[WHAT YOU NEED TO DO] A word-for-word copy of the listing is required, and it must contain no pictures.

[GIVEN INFORMATION]
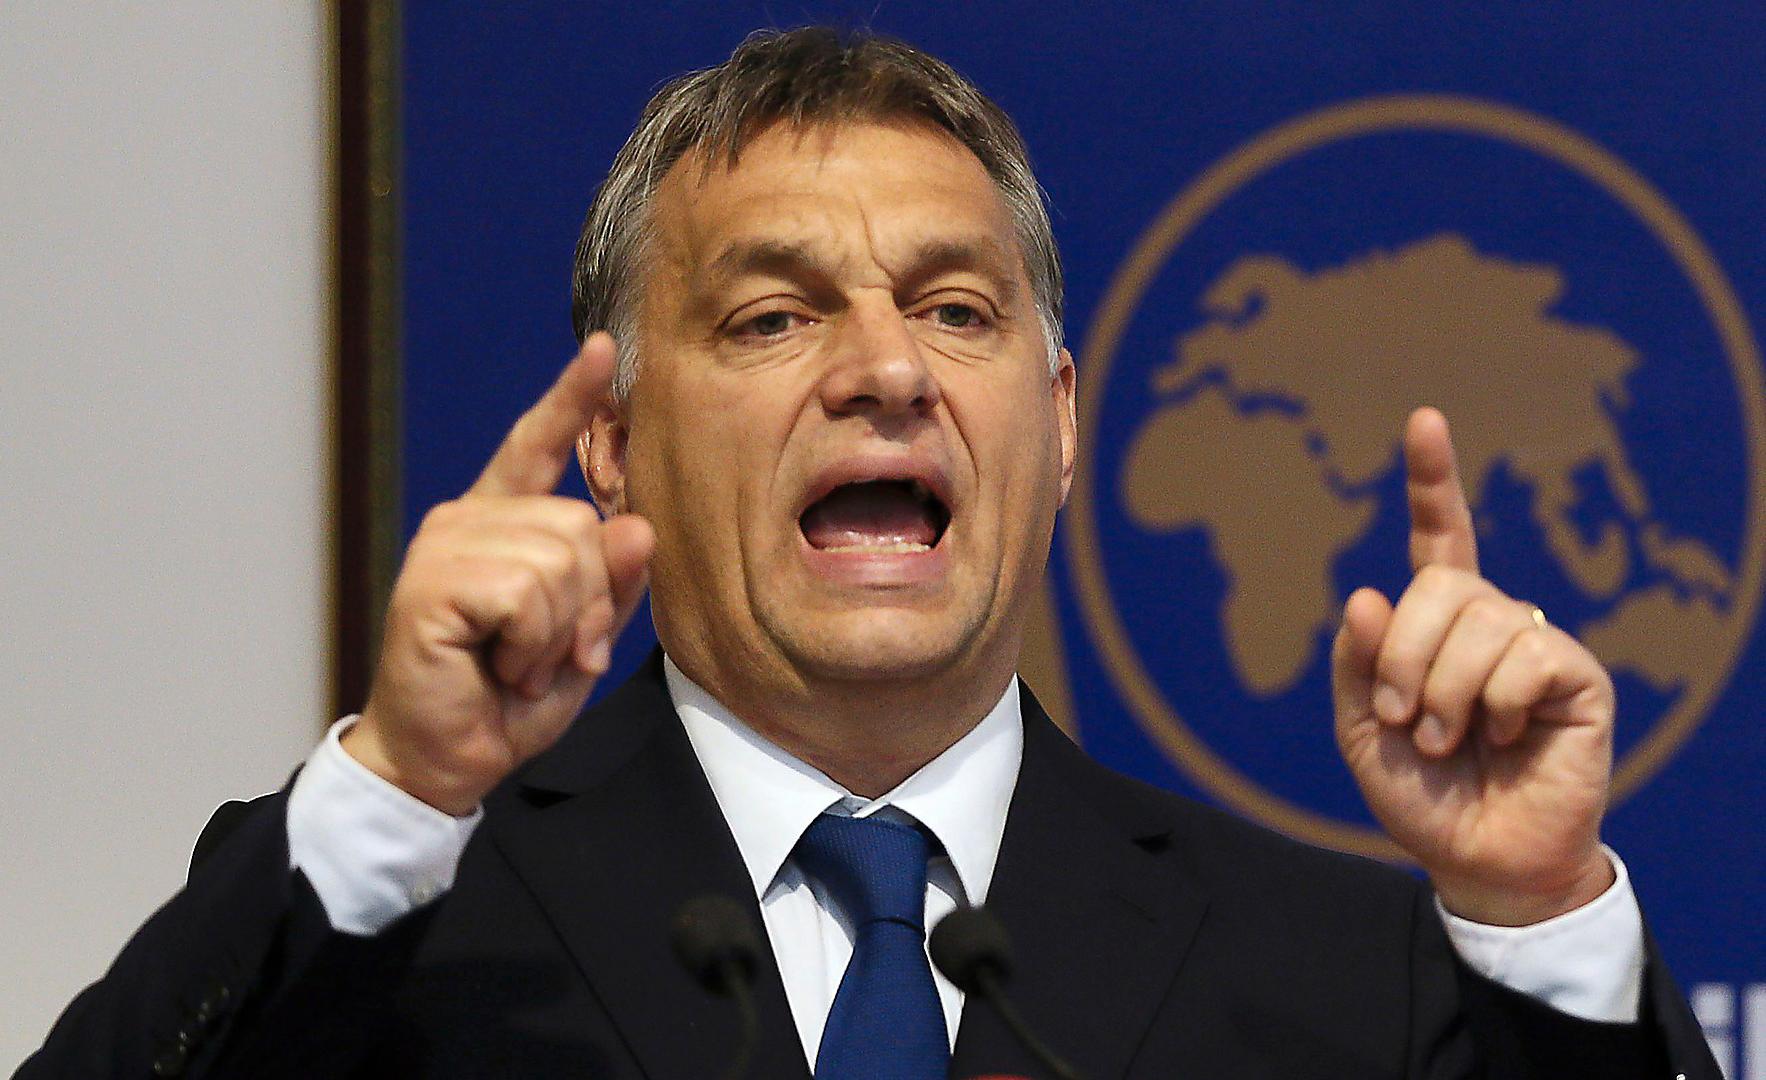 Viktor Orbán, Ungerns premiärminister.
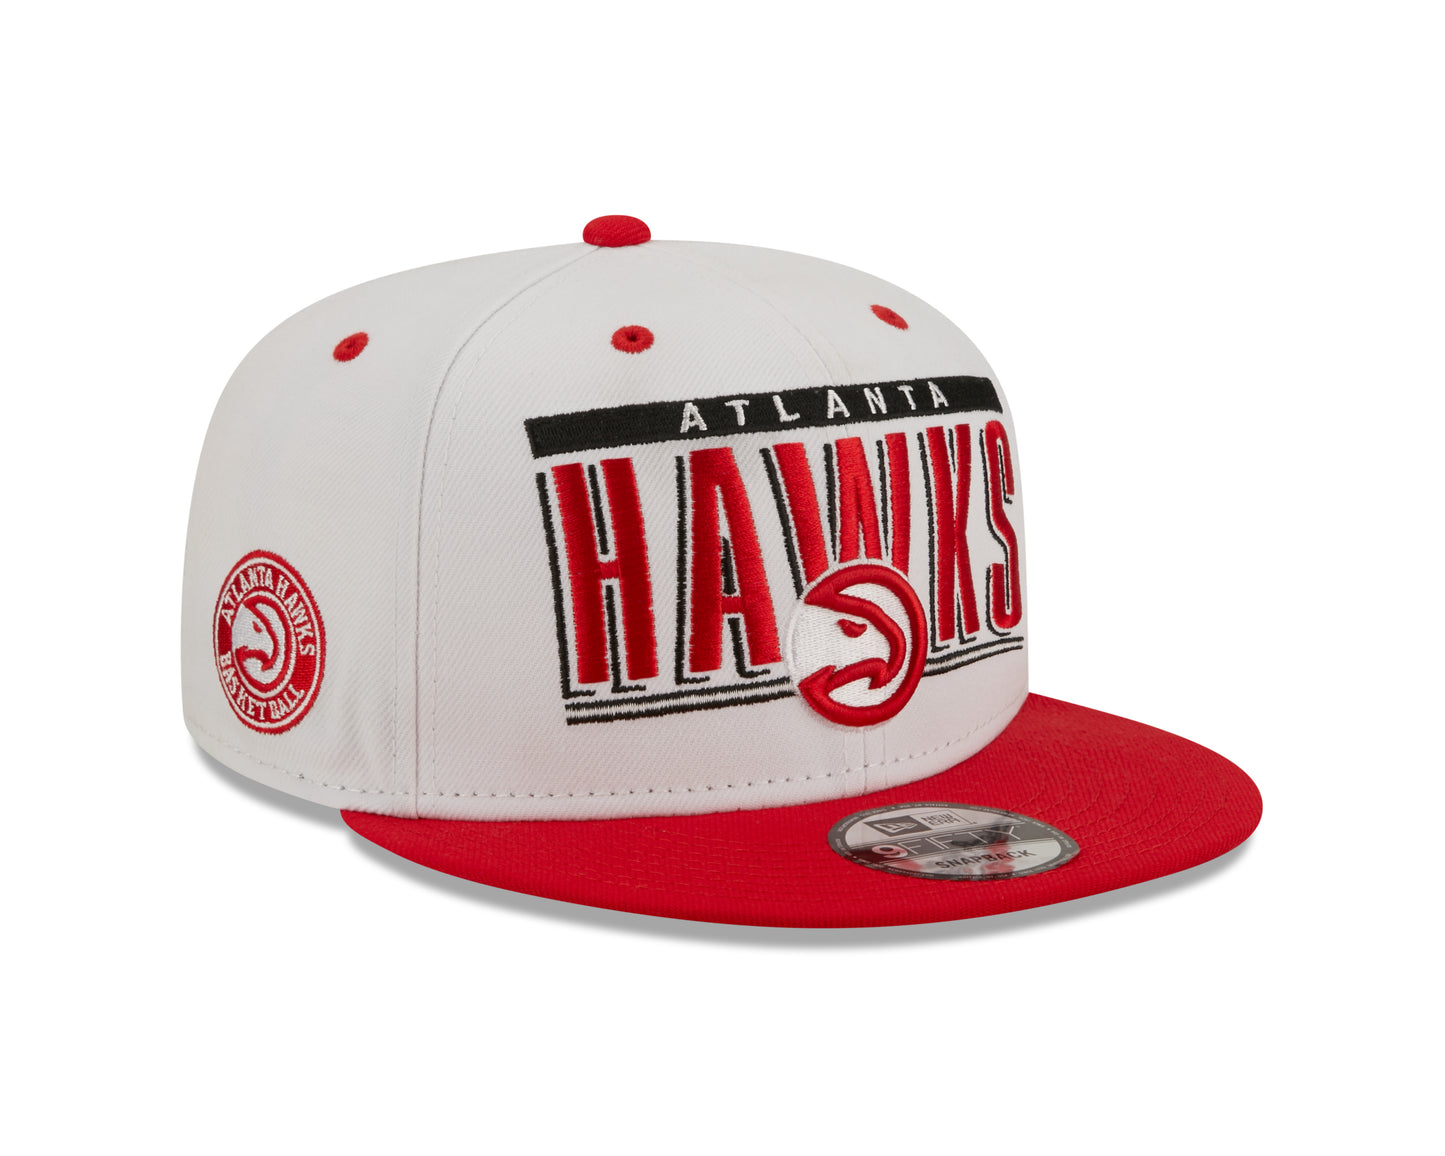 Atlanta Hawks New Era Retro Title White / Red 9FIFTY Snap Back Hat
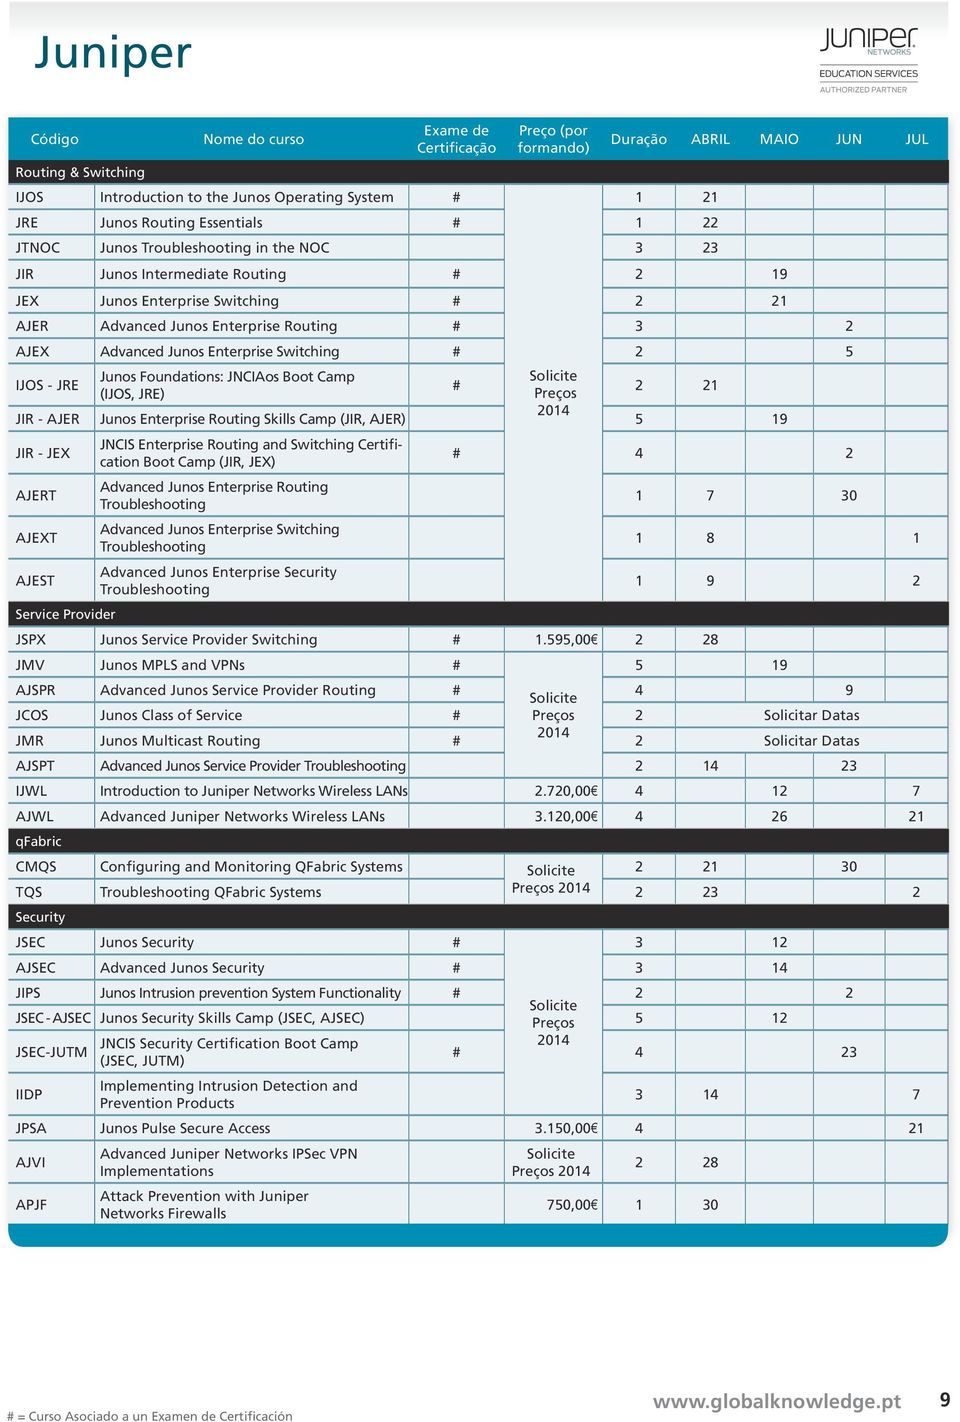 JRE) Preços 2 21 JIR - AJER Junos Enterprise Routing Skills Camp (JIR, AJER) 2014 5 19 JIR - JEX JNCIS Enterprise Routing and Switching Certification Boot Camp (JIR, JEX) # 4 2 AJERT Advanced Junos

[ANSWER BOX]
 Viktor Orbán, Ungerns premiärminister.
 Atlanta Hawks New Era Retro Title White / Red 9FIFTY Snap Back Hat
 JRE) Preços 2 21 JIR - AJER Junos Enterprise Routing Skills Camp (JIR, AJER) 2014 5 19 JIR - JEX JNCIS Enterprise Routing and Switching Certification Boot Camp (JIR, JEX) # 4 2 AJERT Advanced Junos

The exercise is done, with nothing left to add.